▸ The data

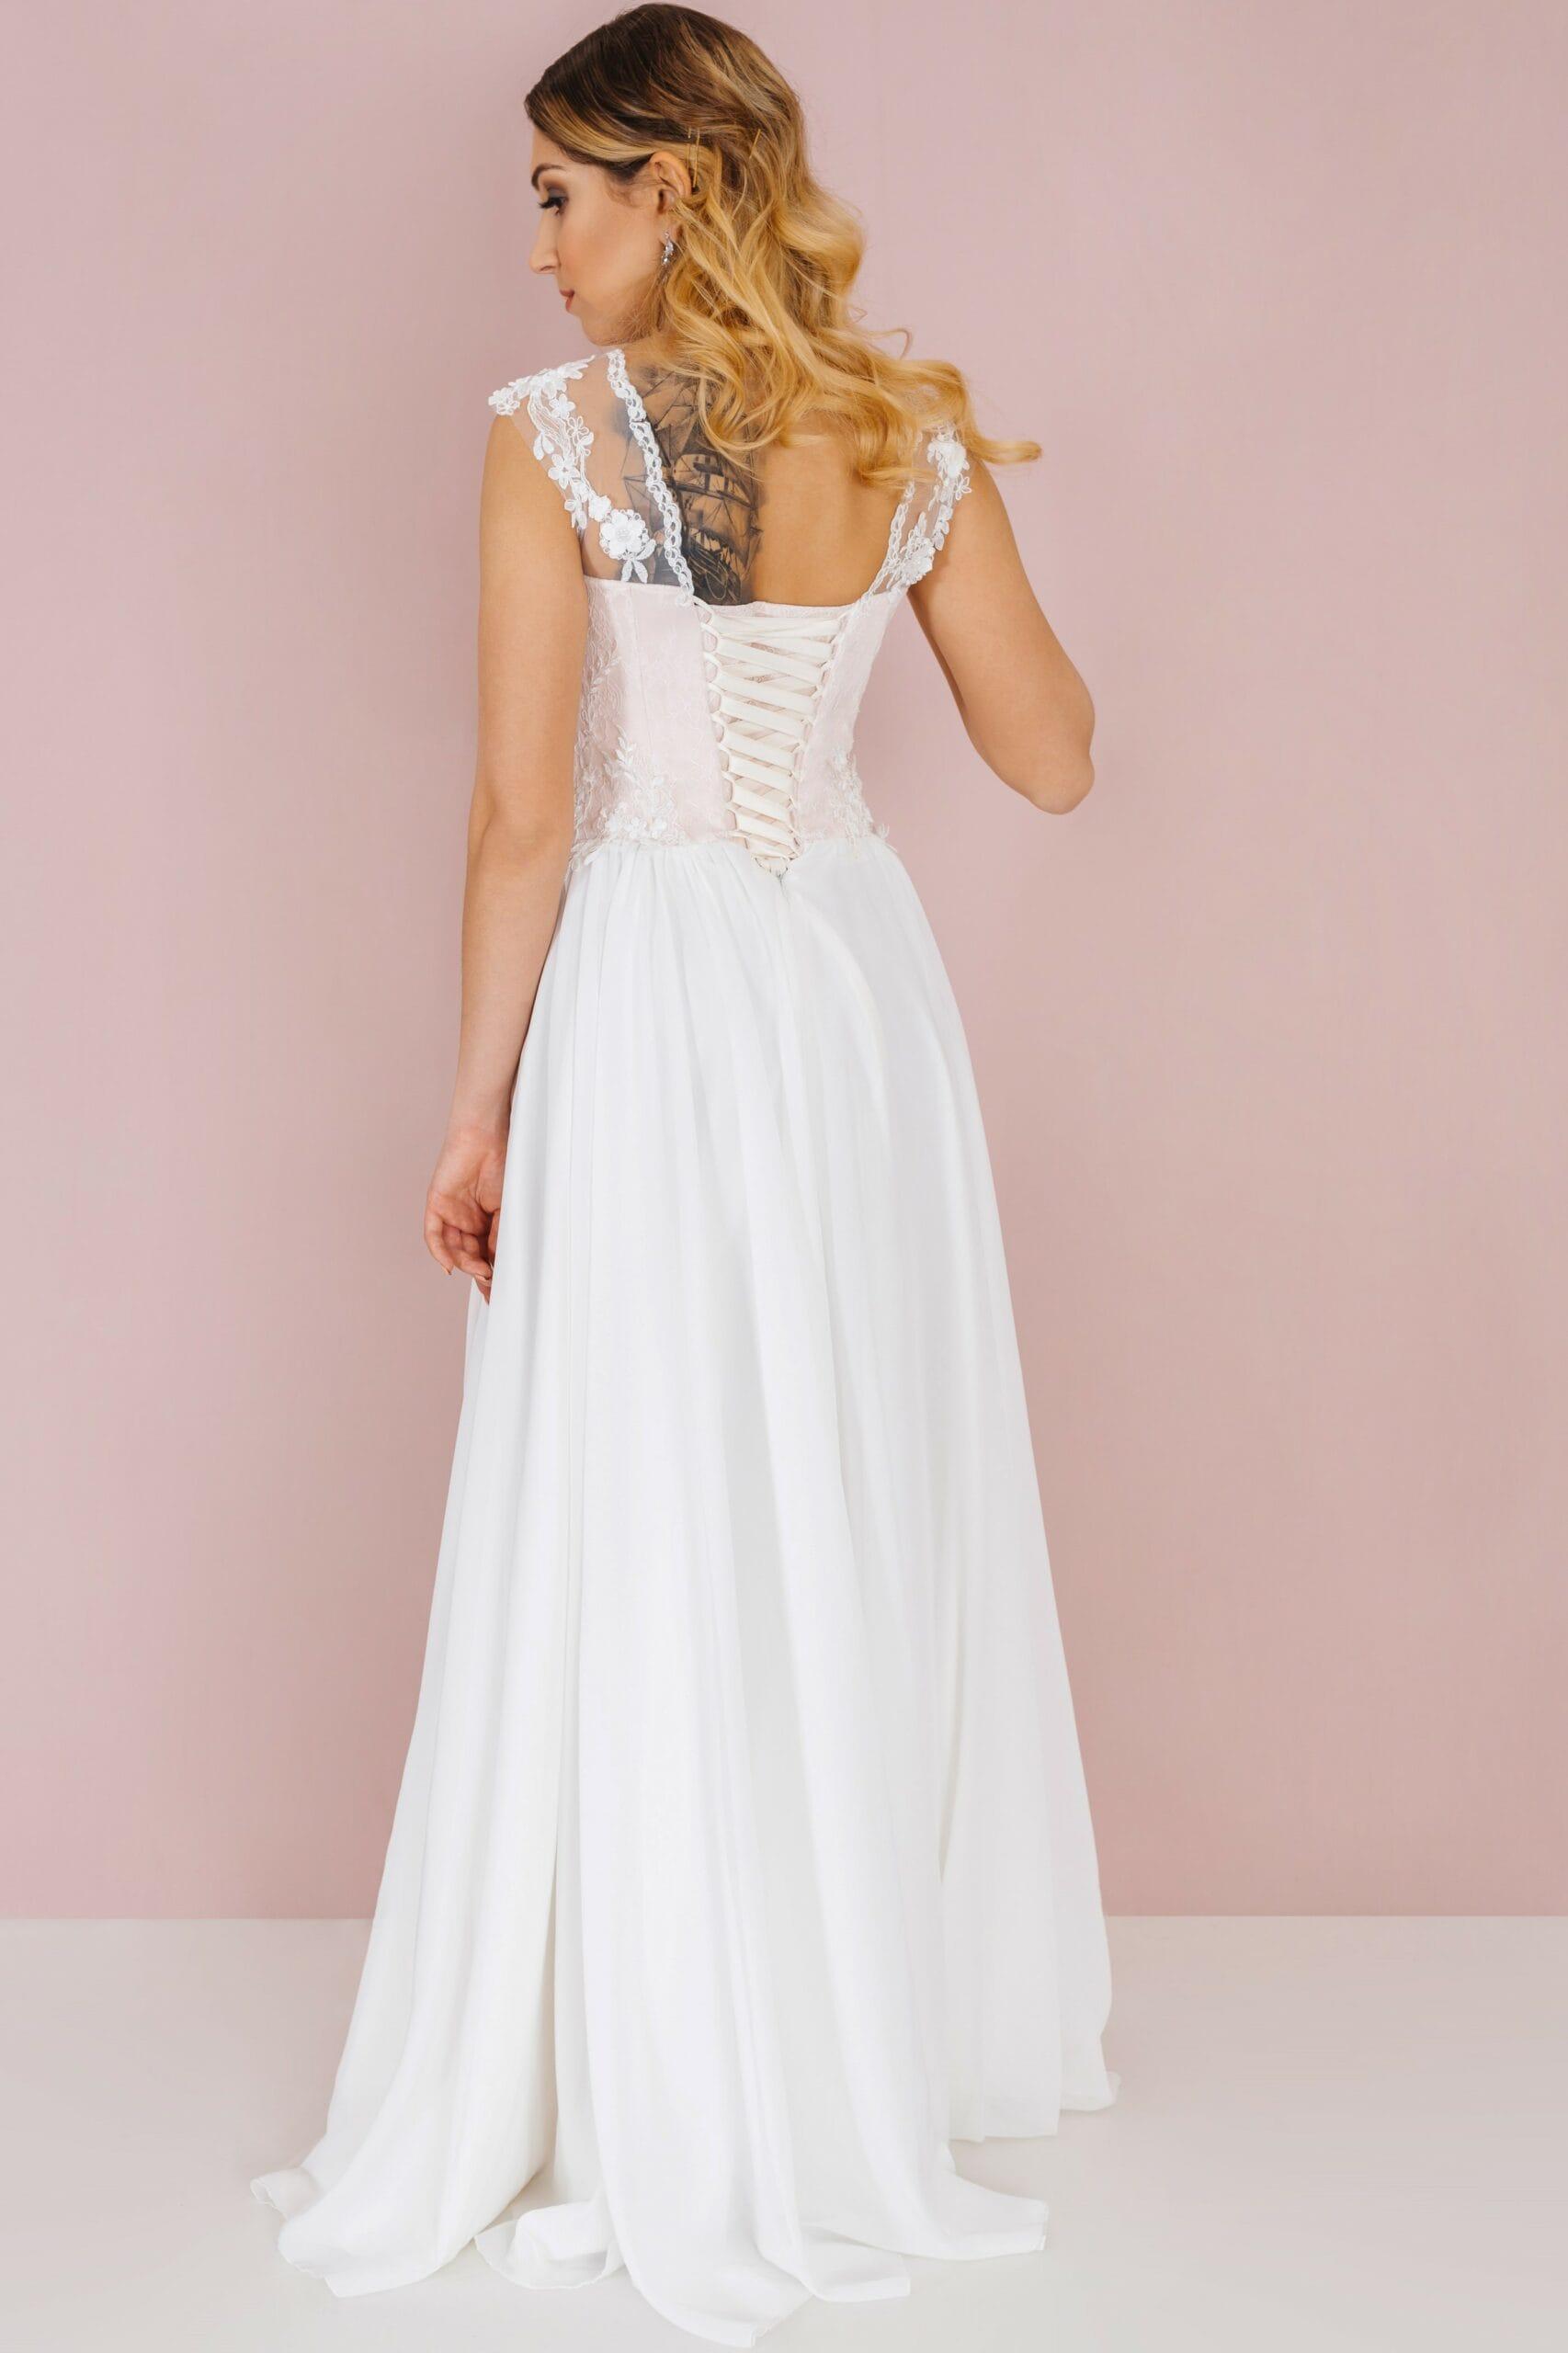 Свадебное платье SOPHIA, коллекция LOFT, бренд RARE BRIDAL, фото 2
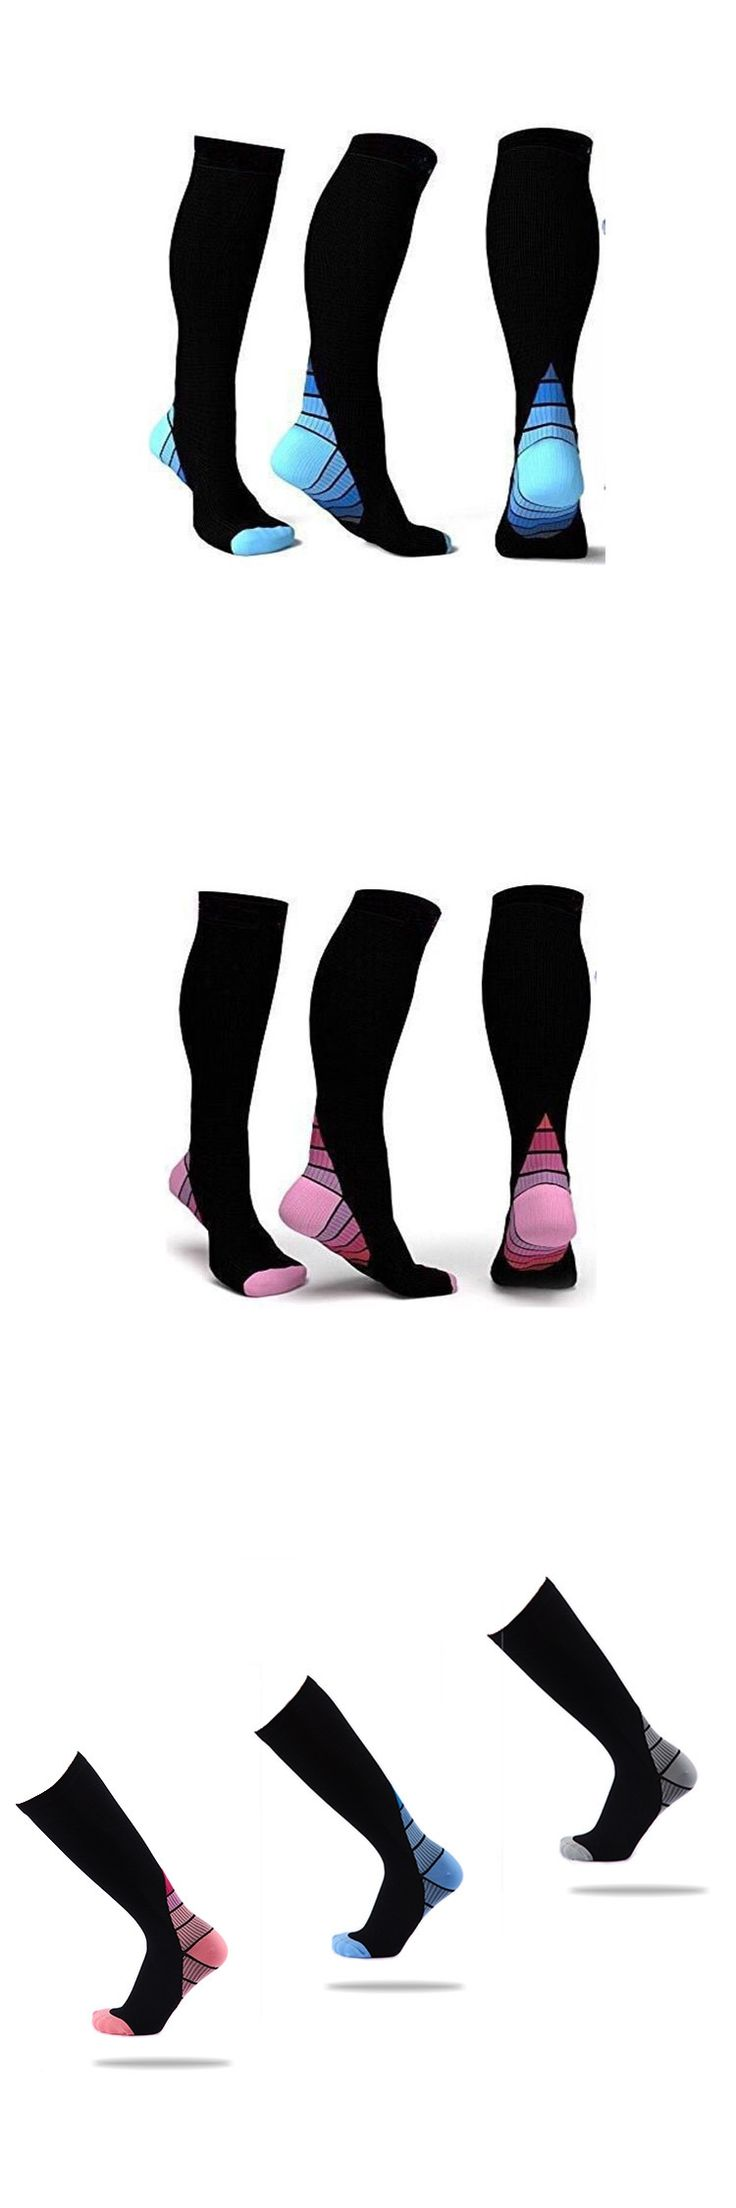 Men's Professional Compression Socks Breathable Travel long Activities Fit for Nurses Shin Splints Flight Travel
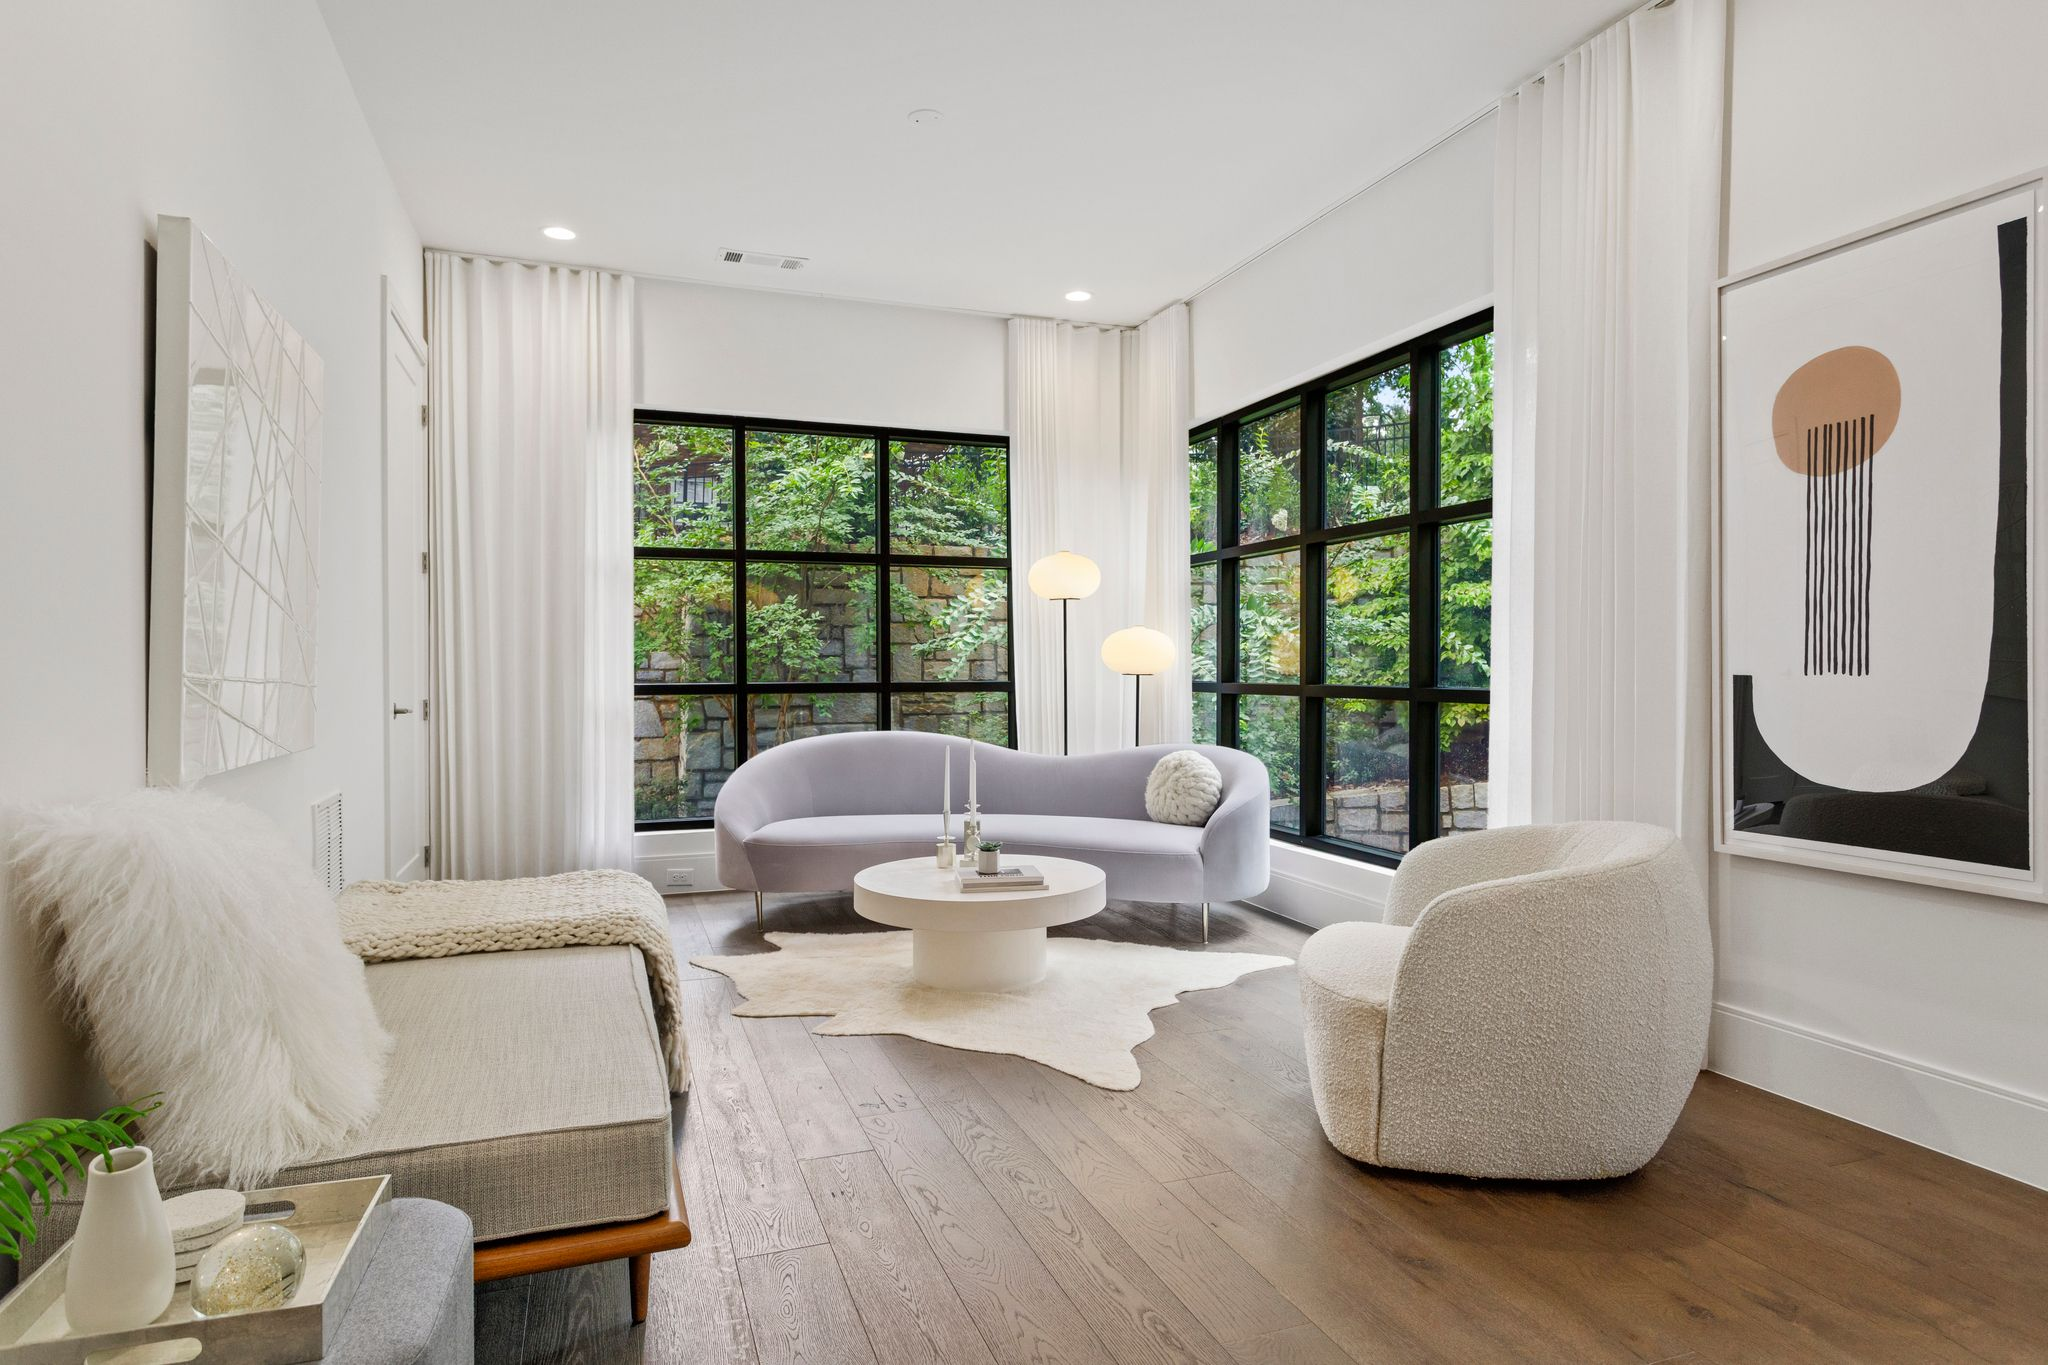 Living Area featured in the Condo By Minerva Homes in Atlanta, GA

▸ Exercise goal
From the first line to the last, retype the data above exactly, but not its images.

▸ Result for this task
 Свадебное платье SOPHIA, коллекция LOFT, бренд RARE BRIDAL, фото 2
 Men's Professional Compression Socks Breathable Travel long Activities Fit for Nurses Shin Splints Flight Travel
 Living Area featured in the Condo By Minerva Homes in Atlanta, GA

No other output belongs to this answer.